>>

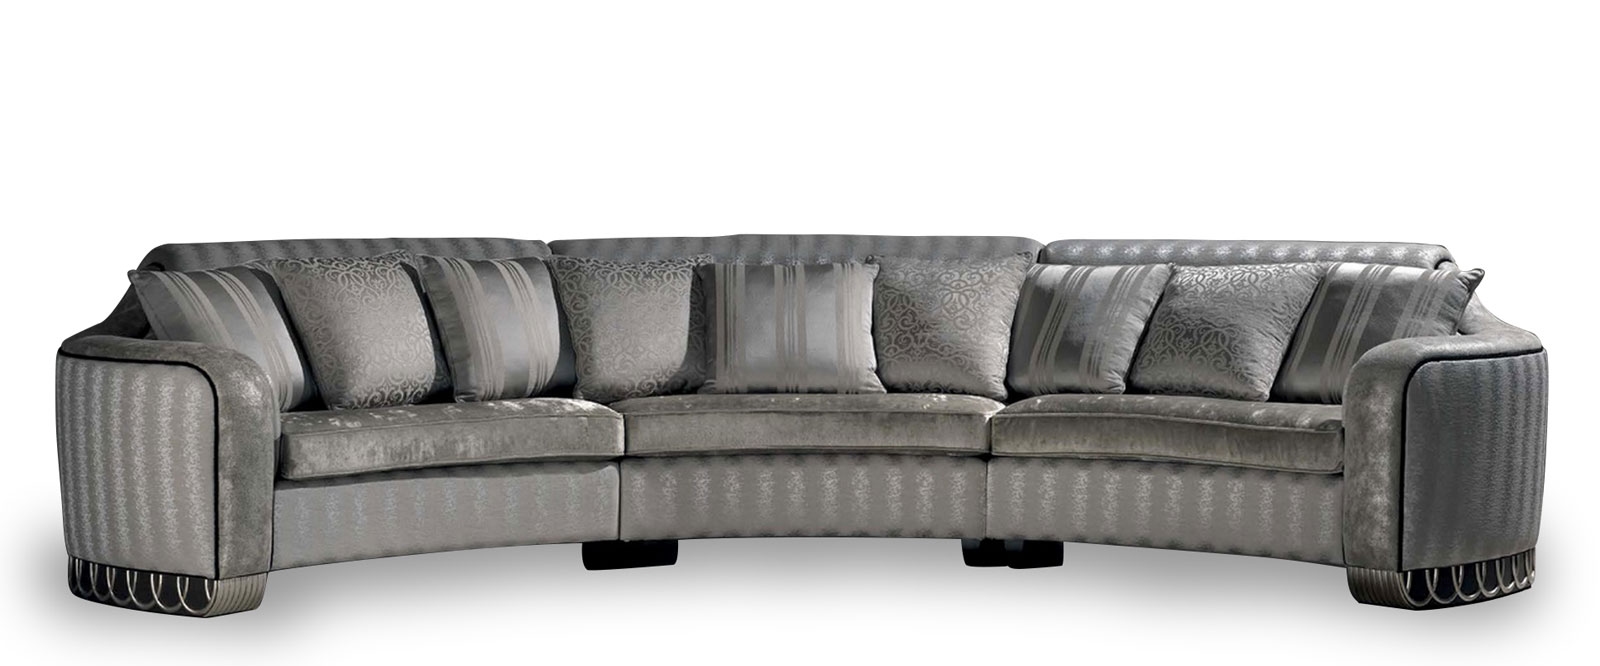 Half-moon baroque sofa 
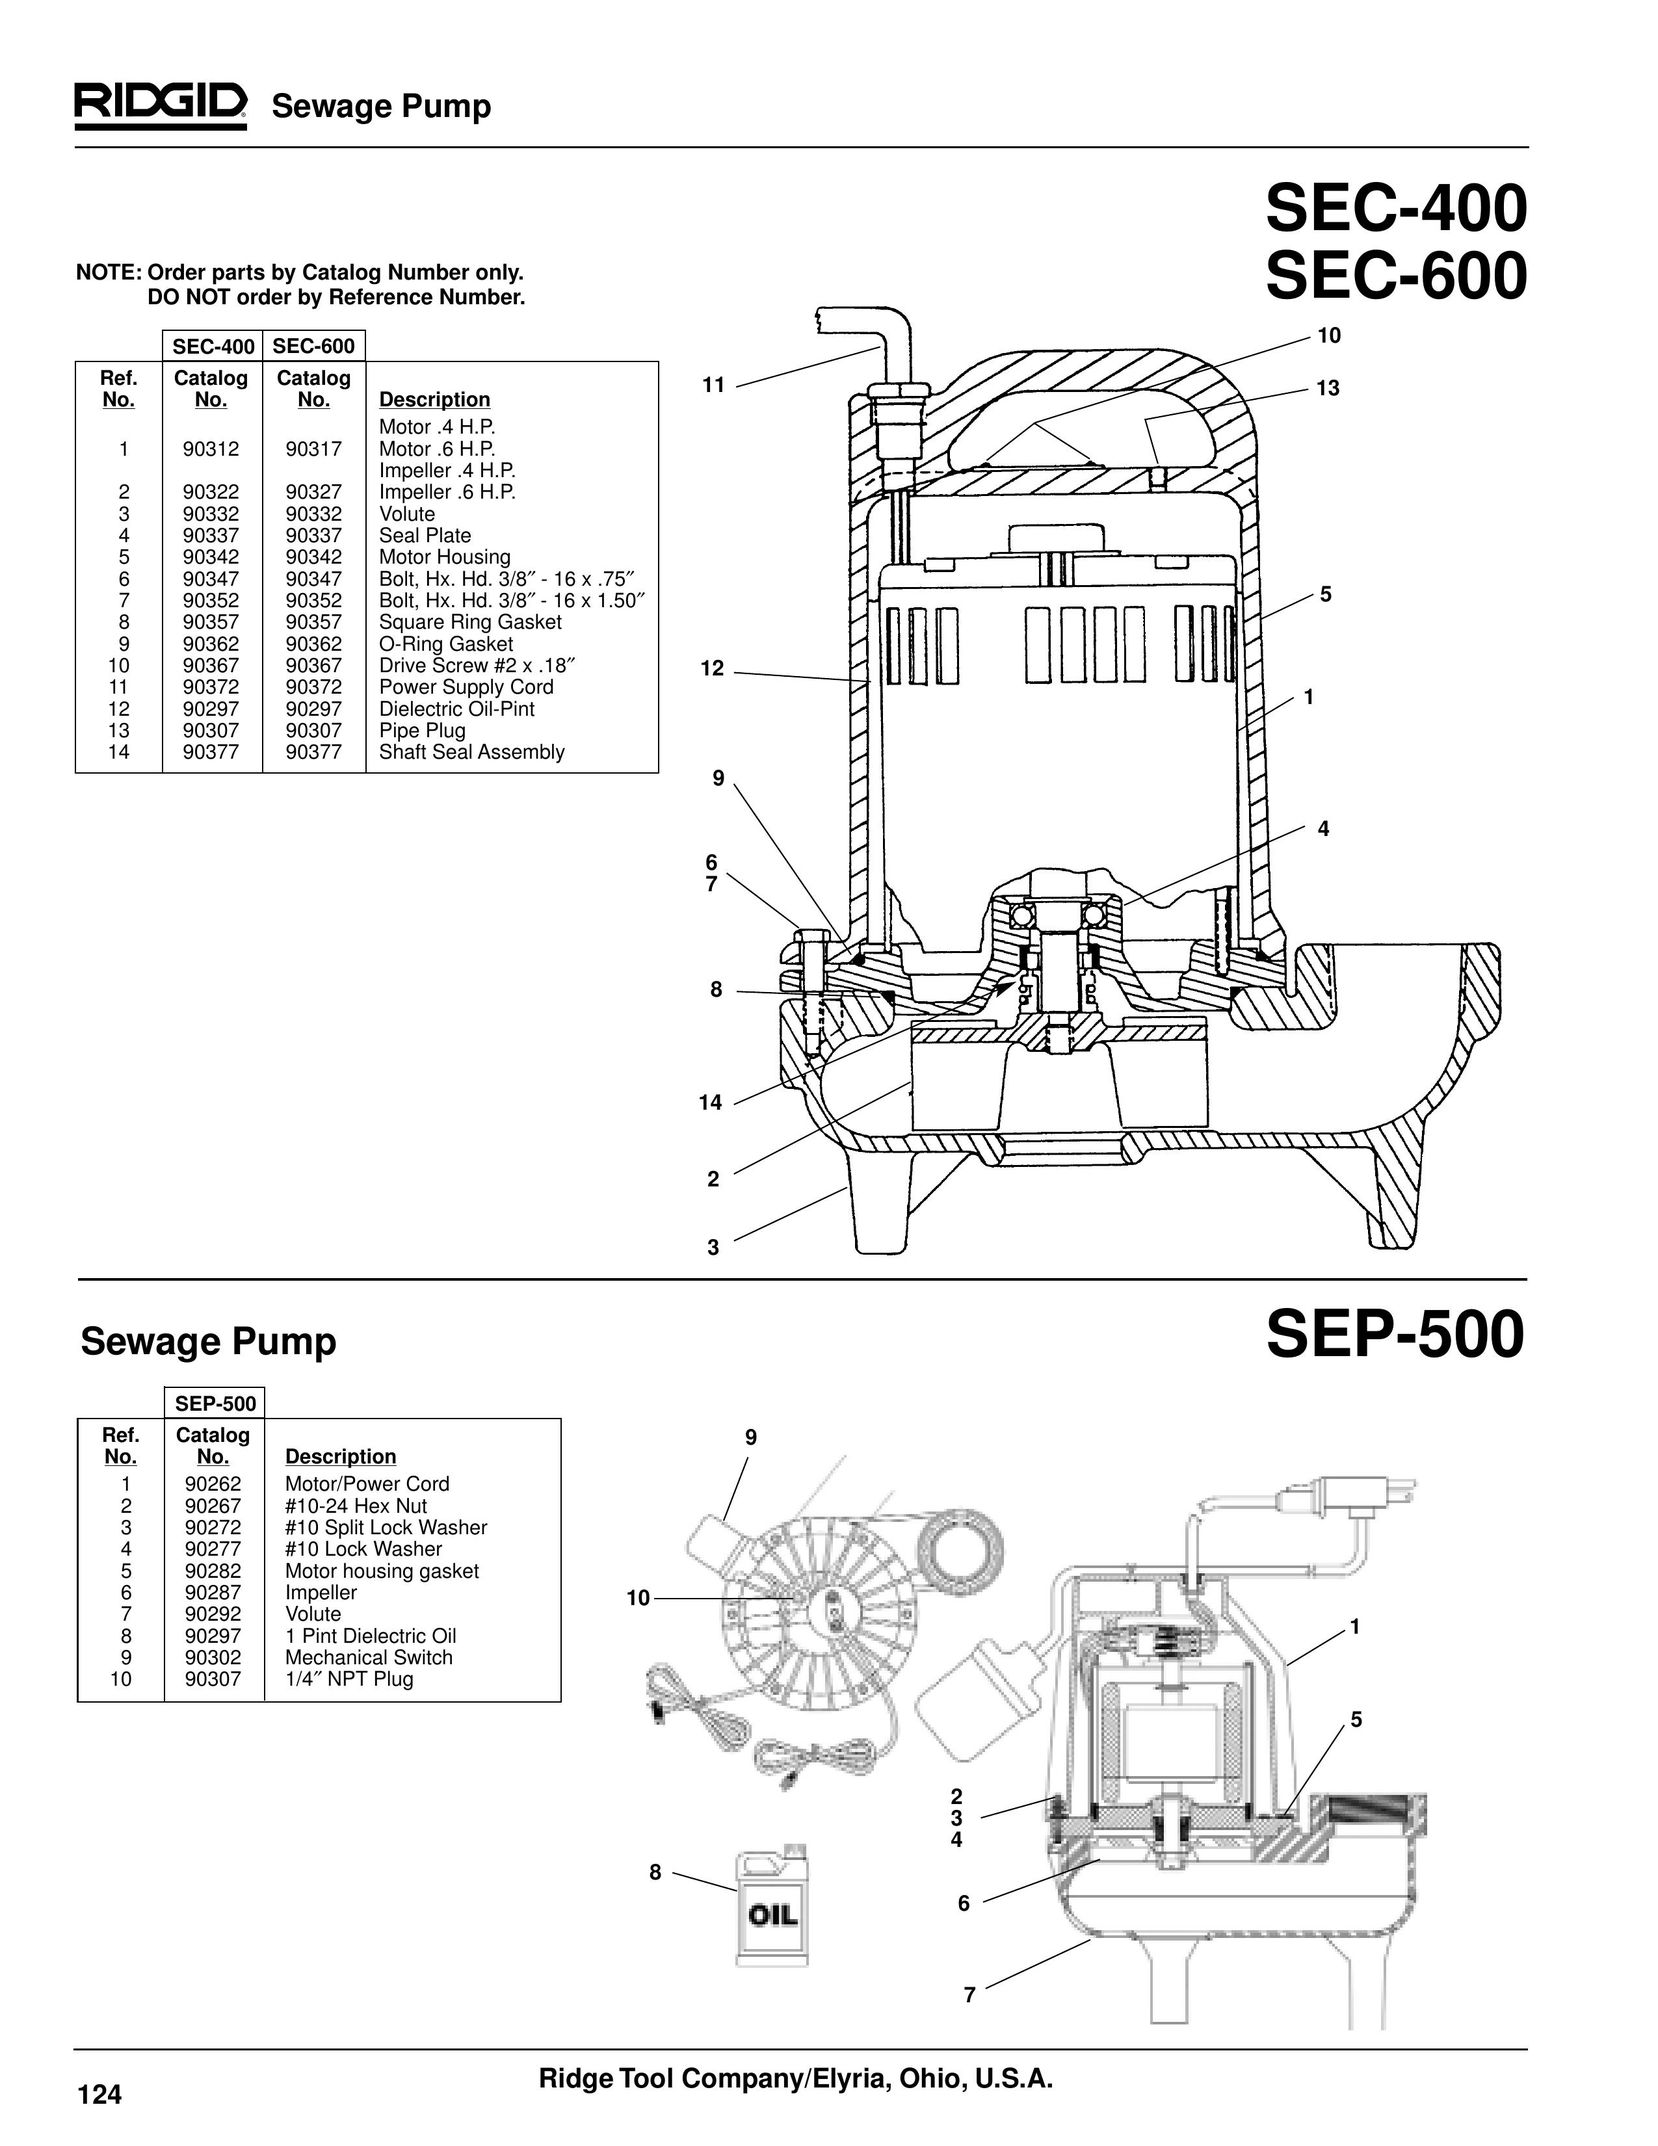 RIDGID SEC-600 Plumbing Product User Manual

<<
>>

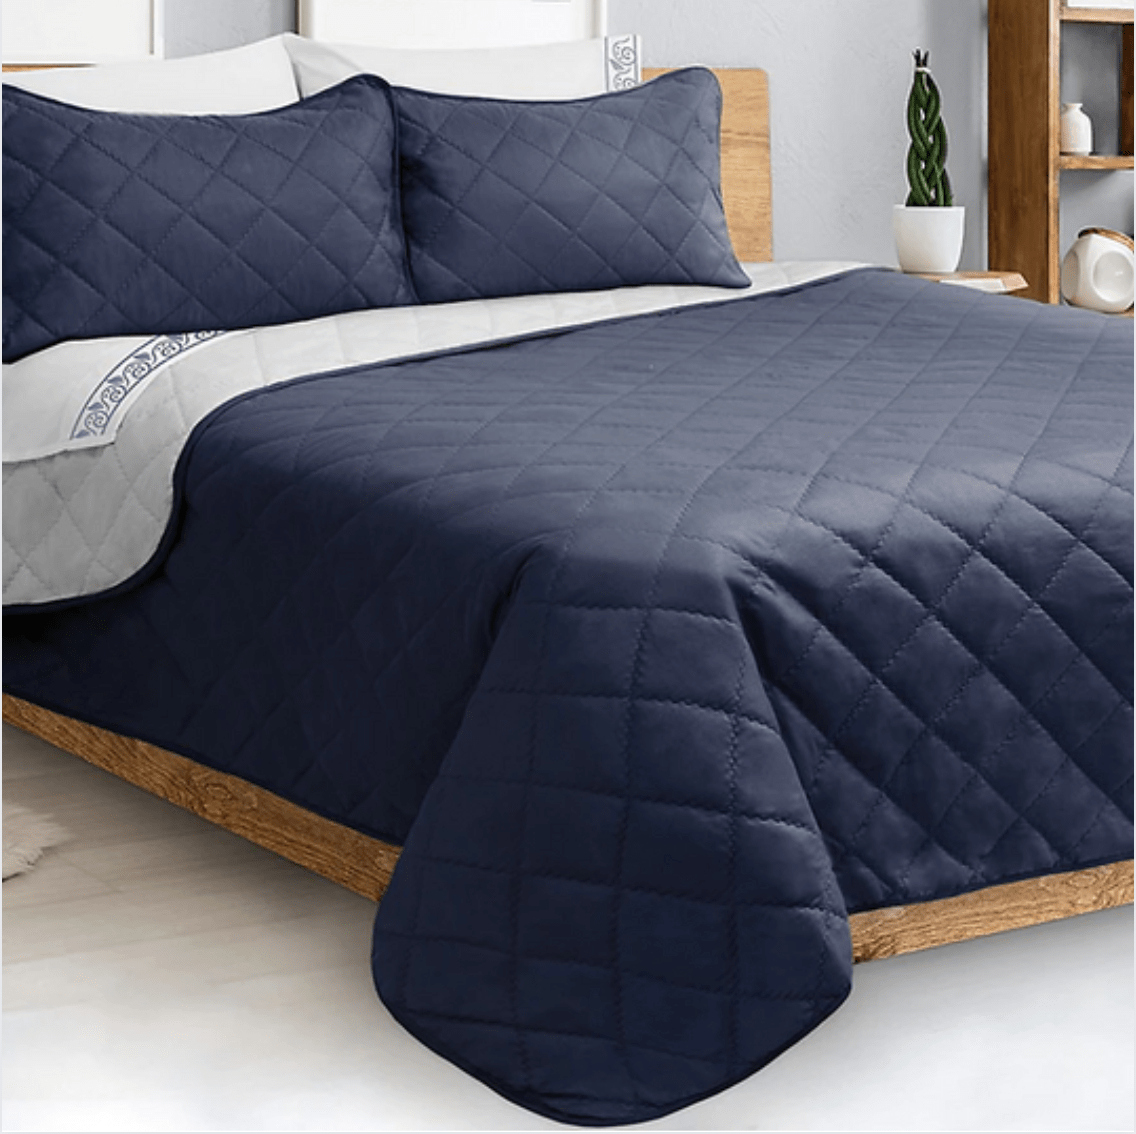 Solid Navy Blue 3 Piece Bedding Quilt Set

<<

* _Task brief_
Starting with the line that has "Half-moon baroque sofa" and going on through the line that has "RIDGID SEC-600 Plumbing Product User Manual", transcribe the records above exactly, but skip the pictures.

* _Your response_
 Half-moon baroque sofa 
 RIDGID SEC-600 Plumbing Product User Manual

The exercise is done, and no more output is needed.